The Turnbull government had also established an ongoing “Fostering Integration Grants” program in the immigration portfolio, to assist migrants to integrate and thus “build upon Australia’s multicultural success with a particular focus on building social cohesion.” State governments hand out funding for social cohesion too.
It’s all separate from, but related to, other programs like countering extremism in communities, which the federal government has been funding for nearly a decade, or funding for extra security for communities identified as facing a security threat — especially, but not only, the Jewish community.
The current Palestinian-Australian and Muslim grants were announced in a peculiar media release two weeks after the Hamas atrocities that sparked the Hamas-Israel conflict. It shoehorned together announcements about social cohesion funding and an extra $25 million in funding for the Executive Council of Australian Jewry for additional security at Jewish schools and preschools (Australian Jews, it seems, are doomed permanently to have to send their kids to schools that partly resemble fortresses in order to prevent antisemitic violence and terrorism). This is in addition to an existing program to fund the protection of faith schools and places of worship.
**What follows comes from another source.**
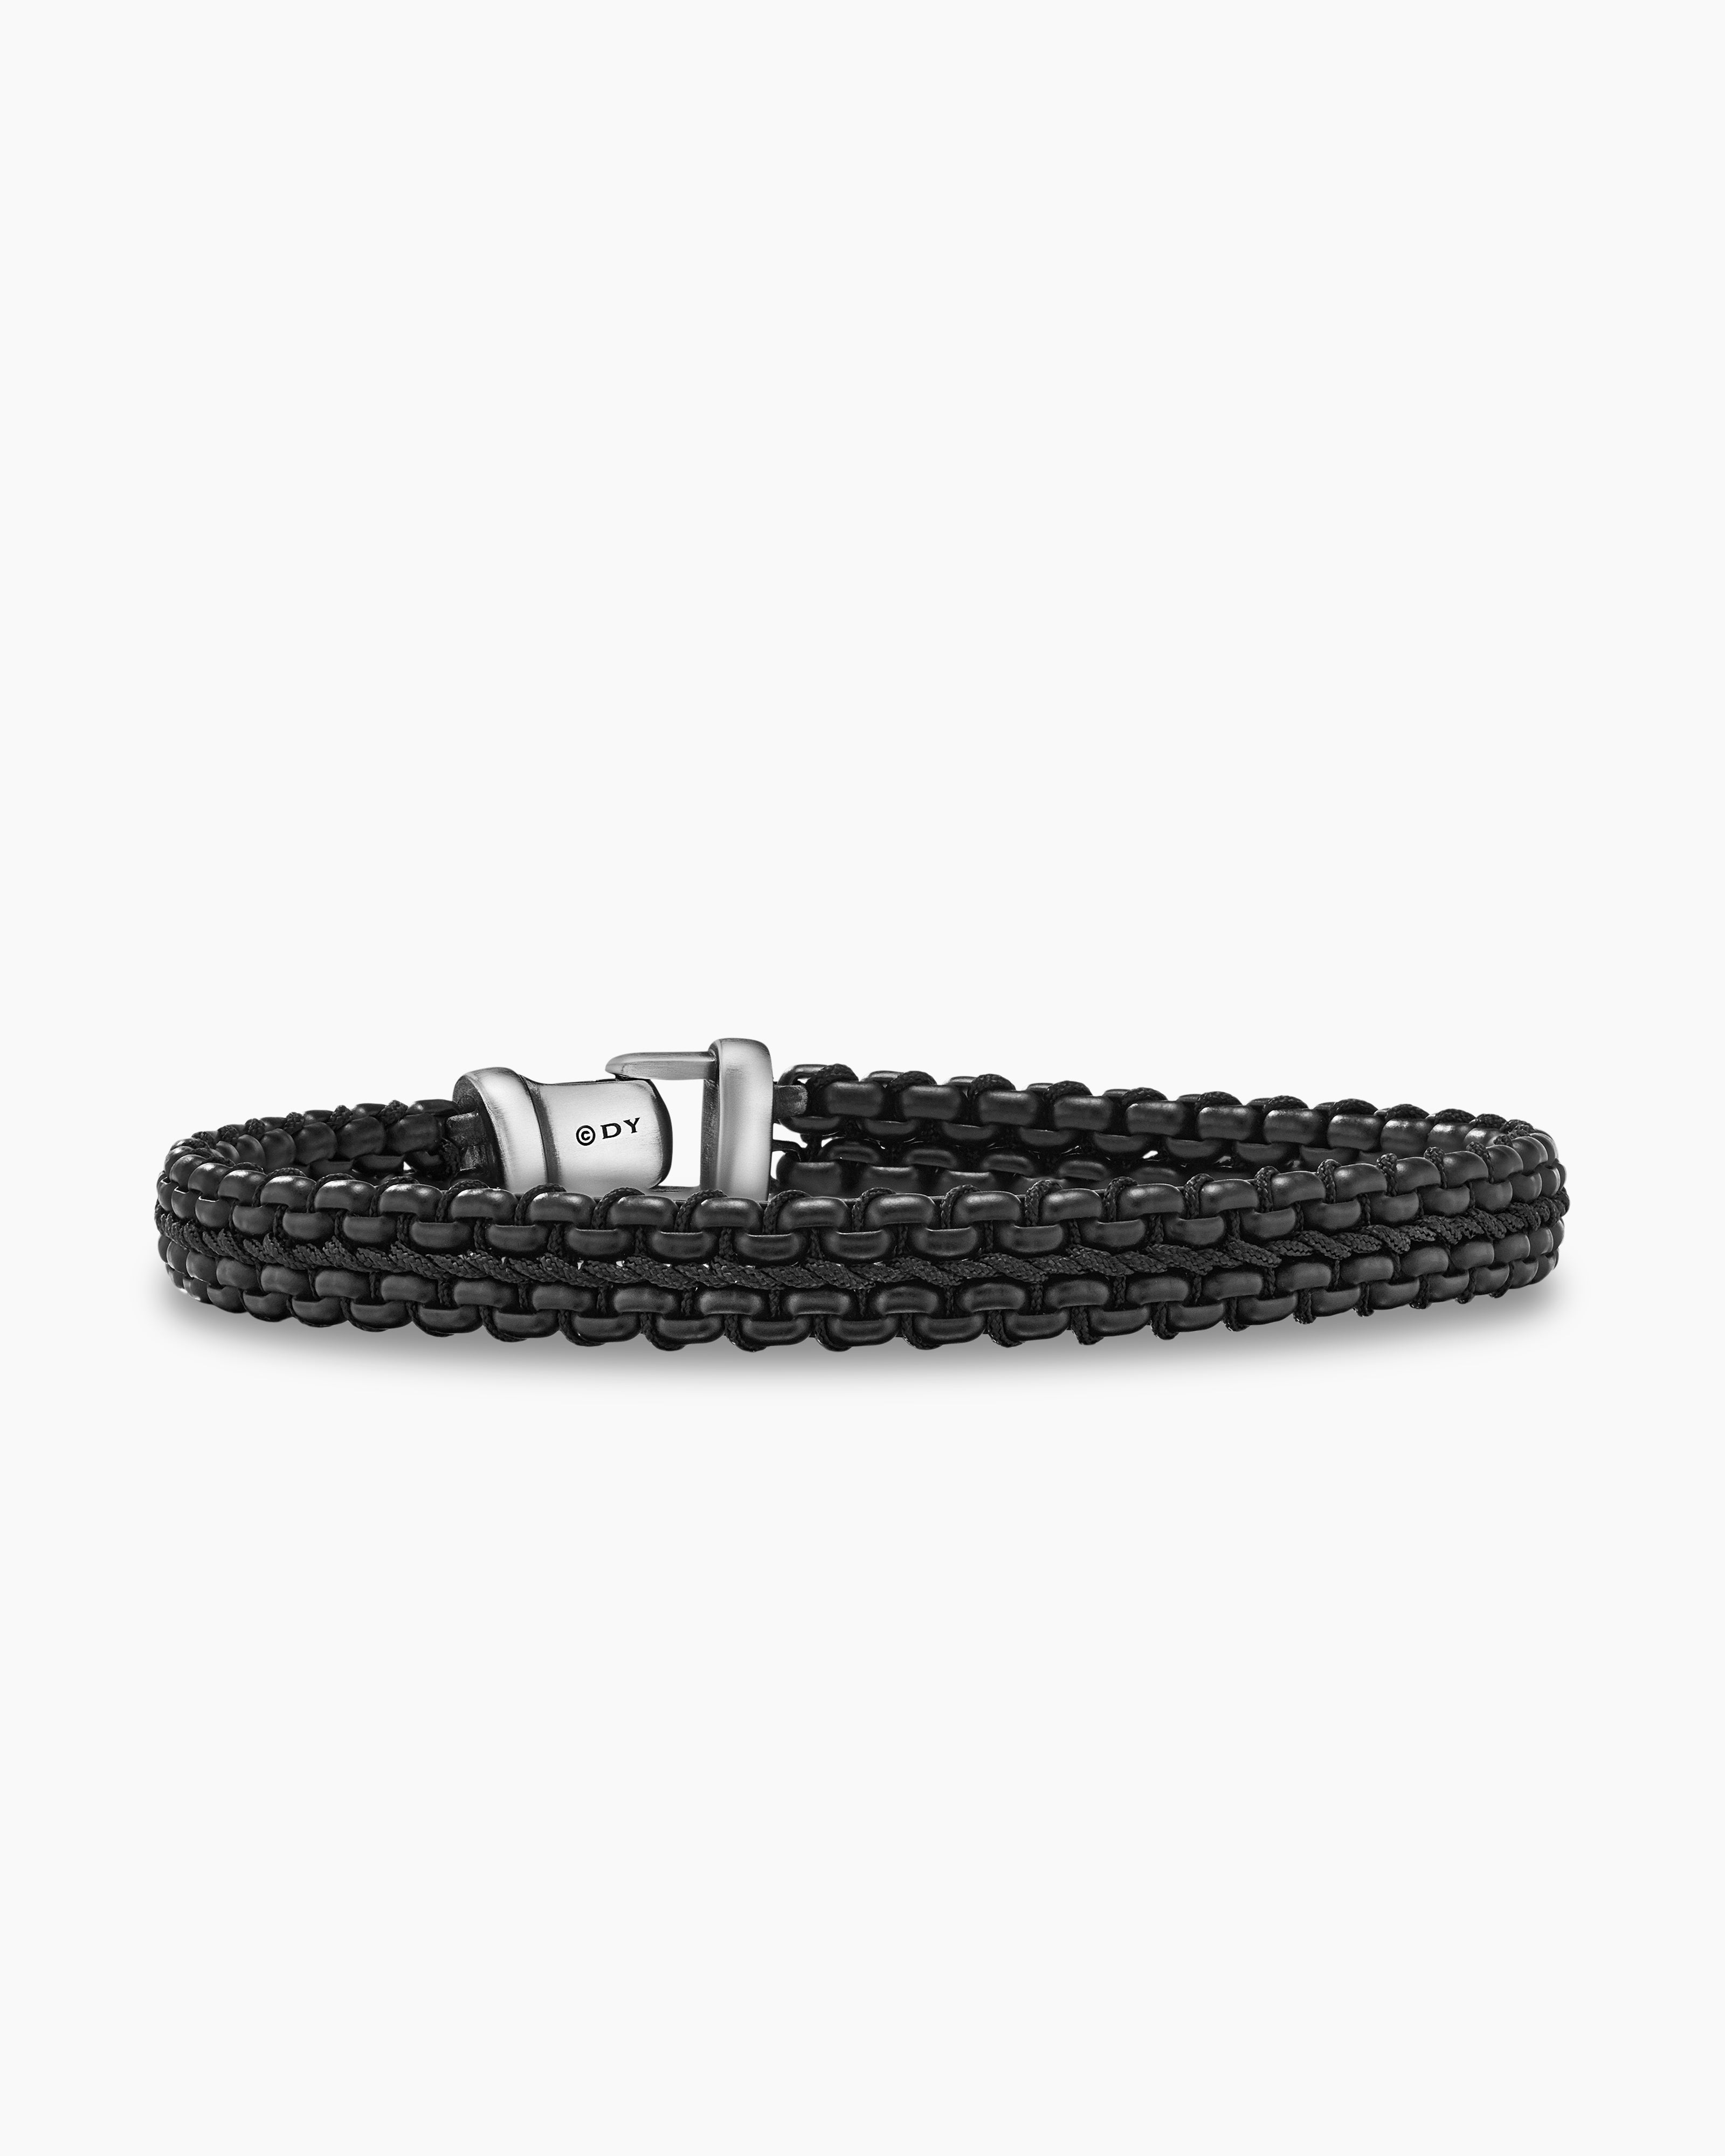 Black Braided Leather & Silver Men's Wrap Bracelet - Men's Bracelets |  Lazaro SoHo

The other $25 million — matched to the security funding to look balanced — was for a variety of ethnic, religious and community groups that had unsuccessfully applied under previous rounds of the Fostering Integration Grants to put forward the same or new projects. The project list from invitees includes youth workshops, sports, self-defence classes for women, a “Festival to celebrate the Prophet Muhammad’s birthday”, an art group for women from non-English speaking backgrounds, an employment skills program for youth from Arabic-speaking backgrounds, programs to determine the needs of Muslim women in regional Australia, a workshop bringing together young Muslims and Jews “to undergo a transformative peace building process”, migrant integration programs, “workshops on civic responsibilities, the English language and the citizenship process and test”, development of multicultural seniors groups, mosque open days, and support for vulnerable youth.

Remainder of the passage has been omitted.